*Records for this task*:

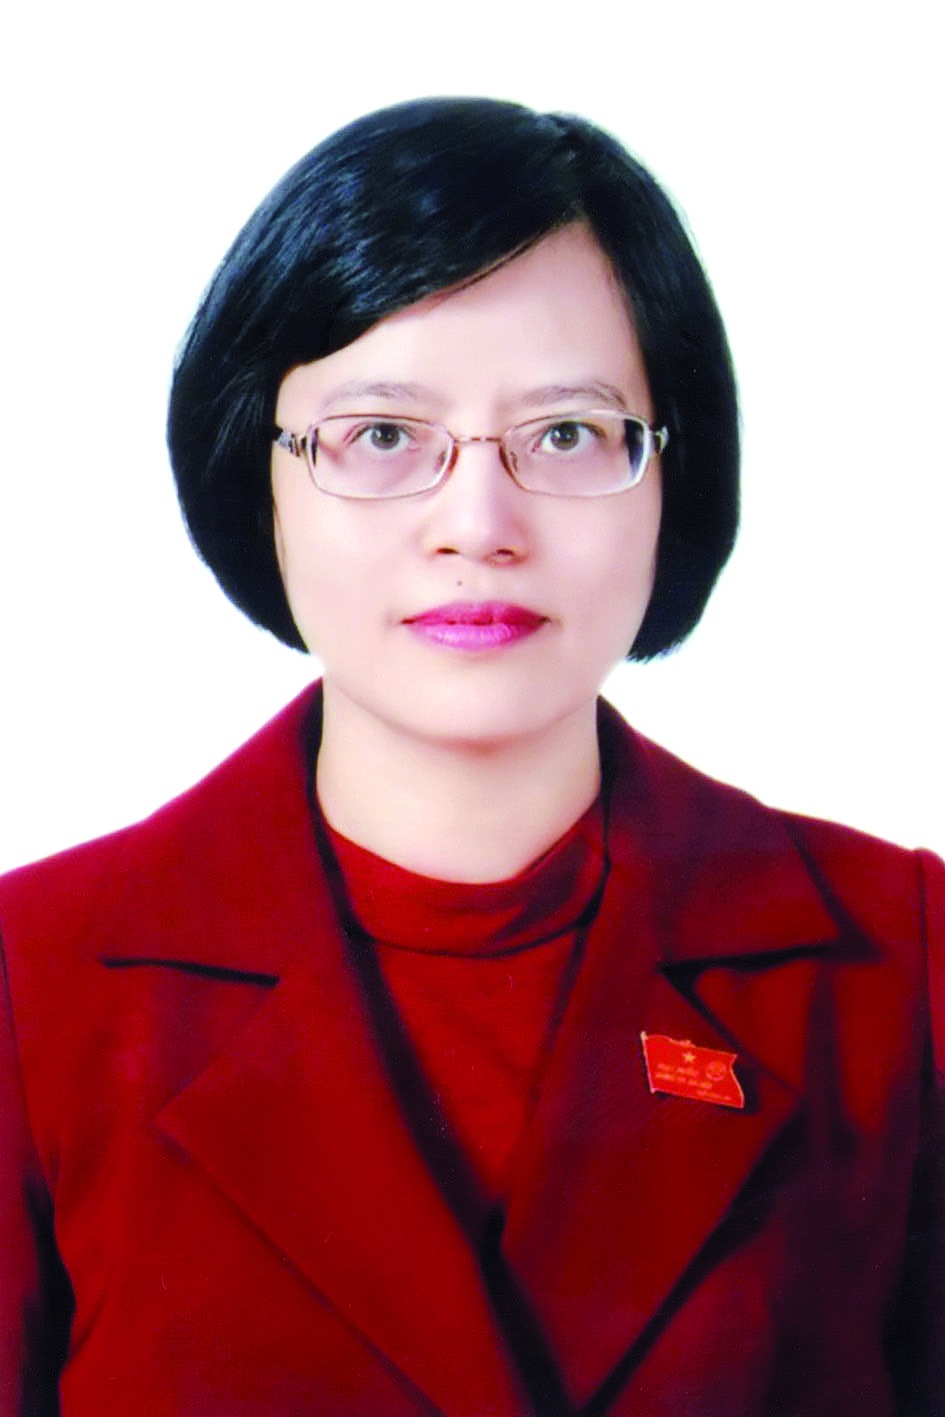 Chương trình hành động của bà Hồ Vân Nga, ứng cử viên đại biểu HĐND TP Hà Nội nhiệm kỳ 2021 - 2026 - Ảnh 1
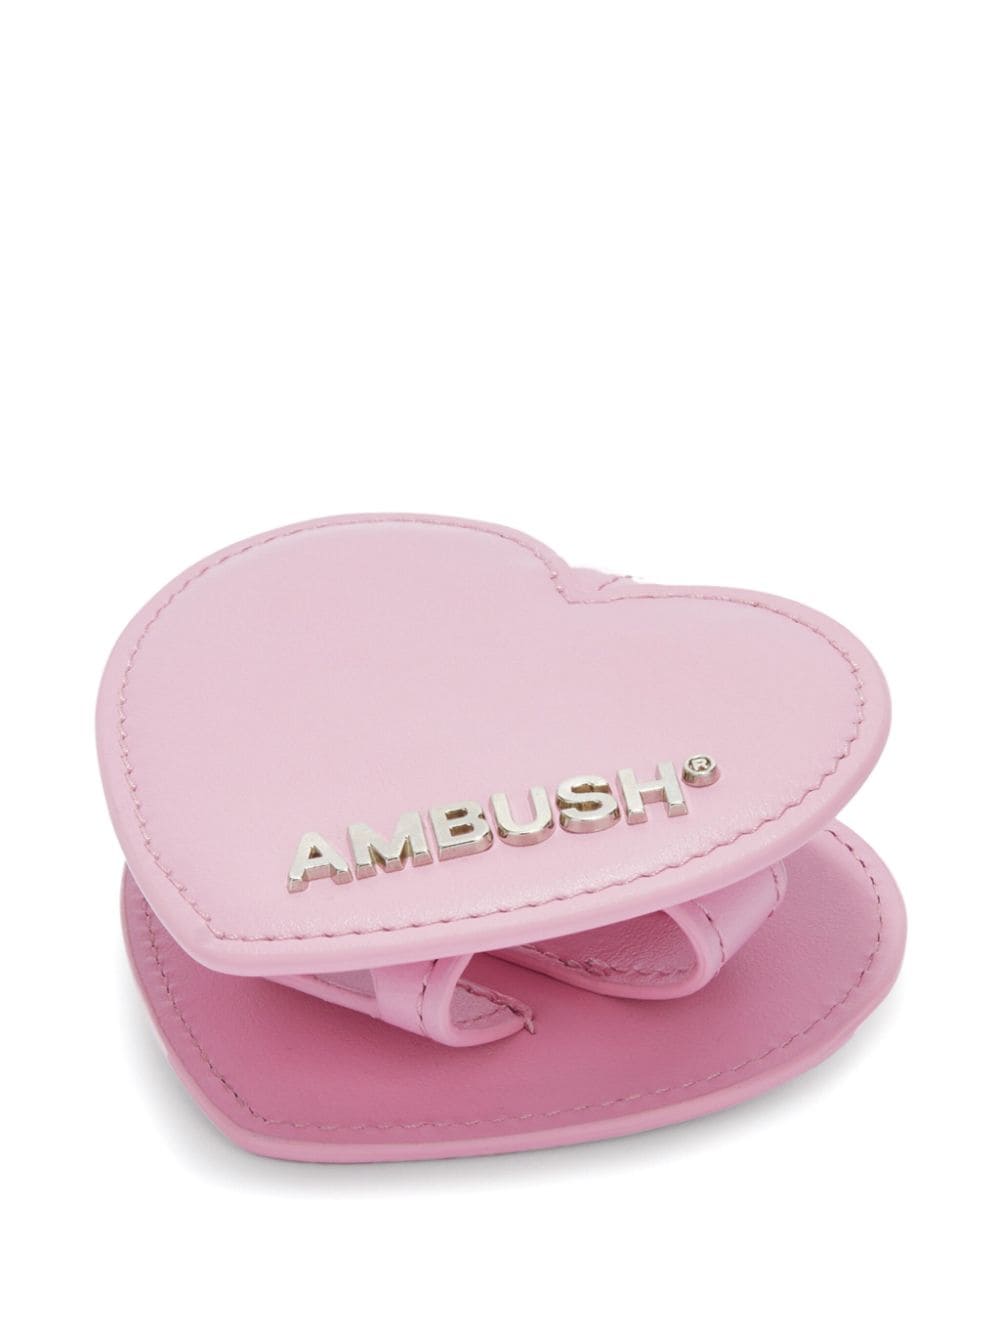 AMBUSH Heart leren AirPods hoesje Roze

--

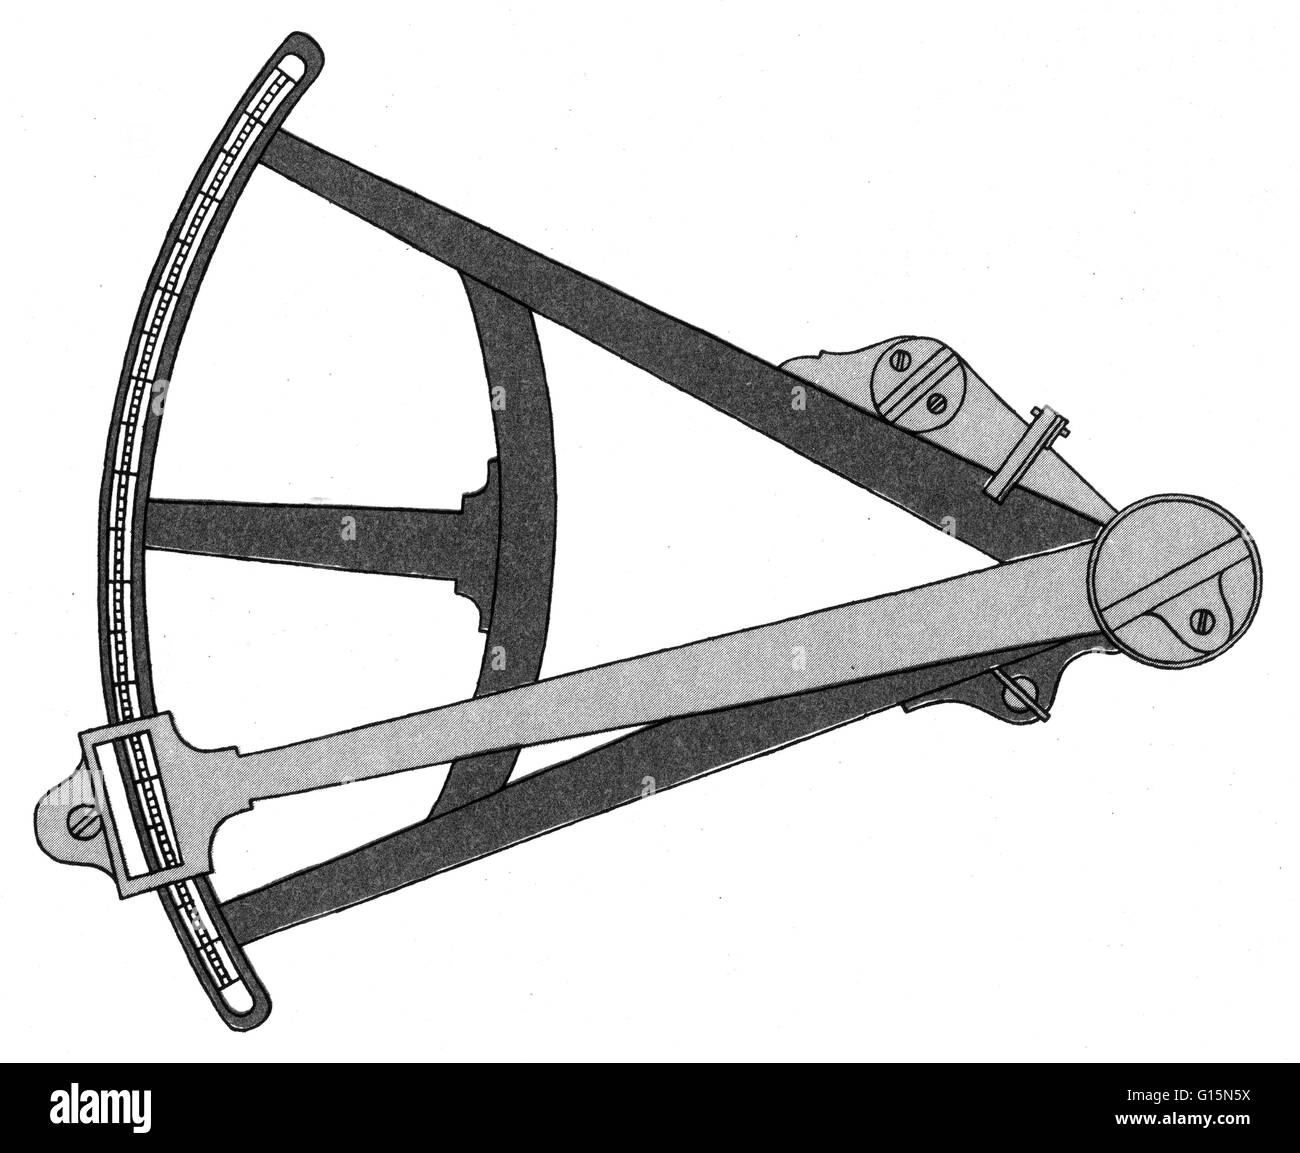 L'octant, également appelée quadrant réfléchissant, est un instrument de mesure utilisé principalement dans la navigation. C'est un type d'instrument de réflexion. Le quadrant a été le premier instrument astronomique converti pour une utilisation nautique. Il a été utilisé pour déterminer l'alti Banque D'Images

* * *

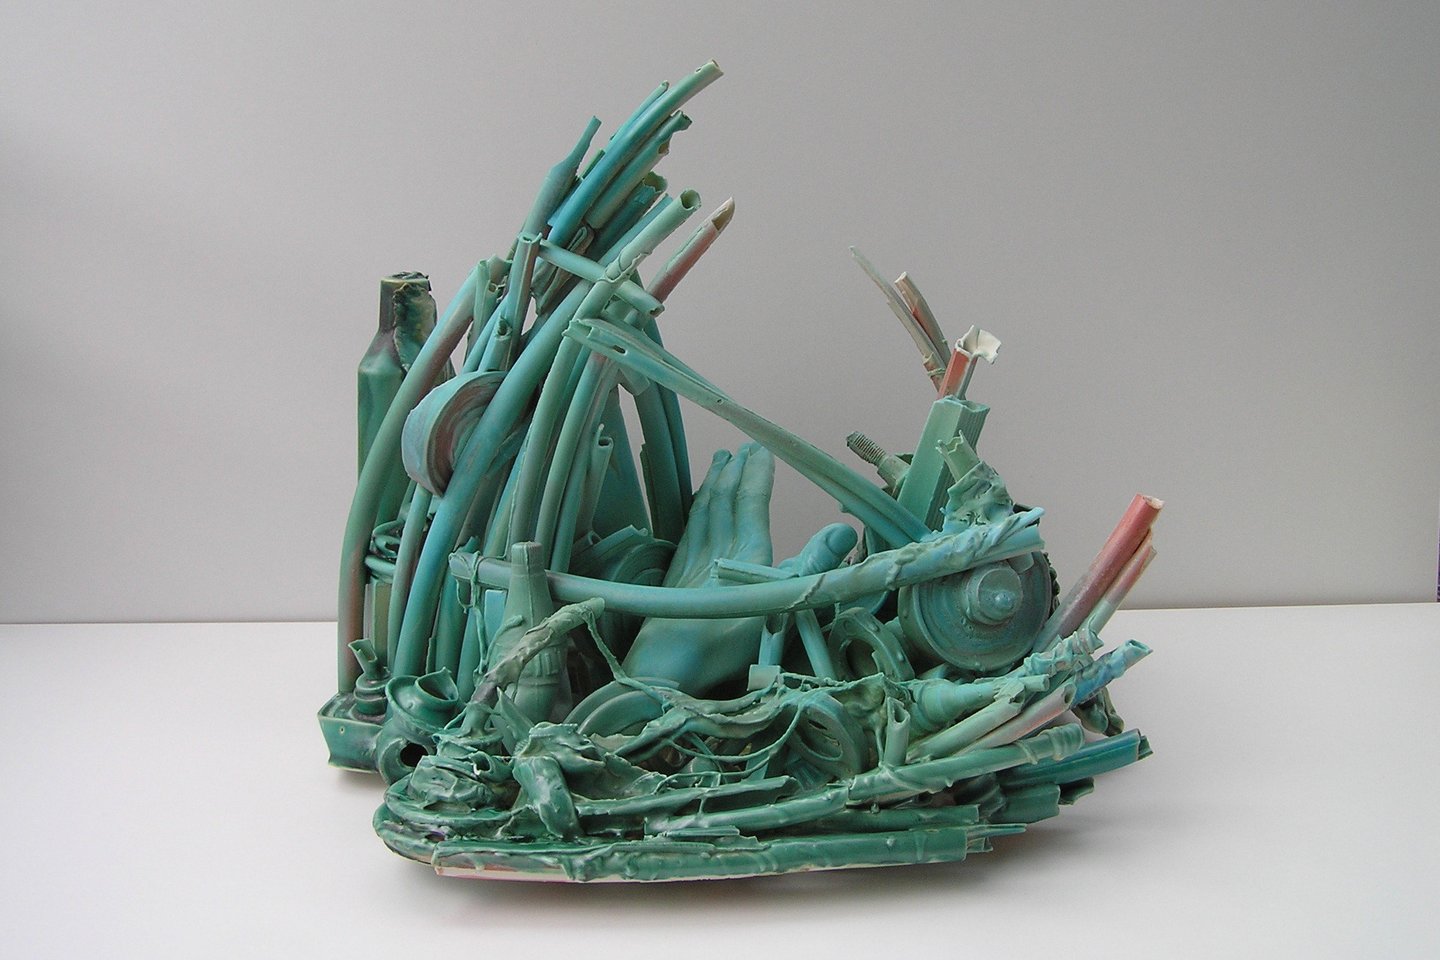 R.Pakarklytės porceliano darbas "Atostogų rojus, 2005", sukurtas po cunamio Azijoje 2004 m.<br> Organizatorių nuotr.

*What is required*: All pictures are to be skipped. Output, word for word, the lines in the data above starting at the line containing "Chương trình hành" and ending at the line containing "AMBUSH Heart leren AirPods hoesje Roze".

*Task solution*:
 Chương trình hành động của bà Hồ Vân Nga, ứng cử viên đại biểu HĐND TP Hà Nội nhiệm kỳ 2021 - 2026 - Ảnh 1
 AMBUSH Heart leren AirPods hoesje Roze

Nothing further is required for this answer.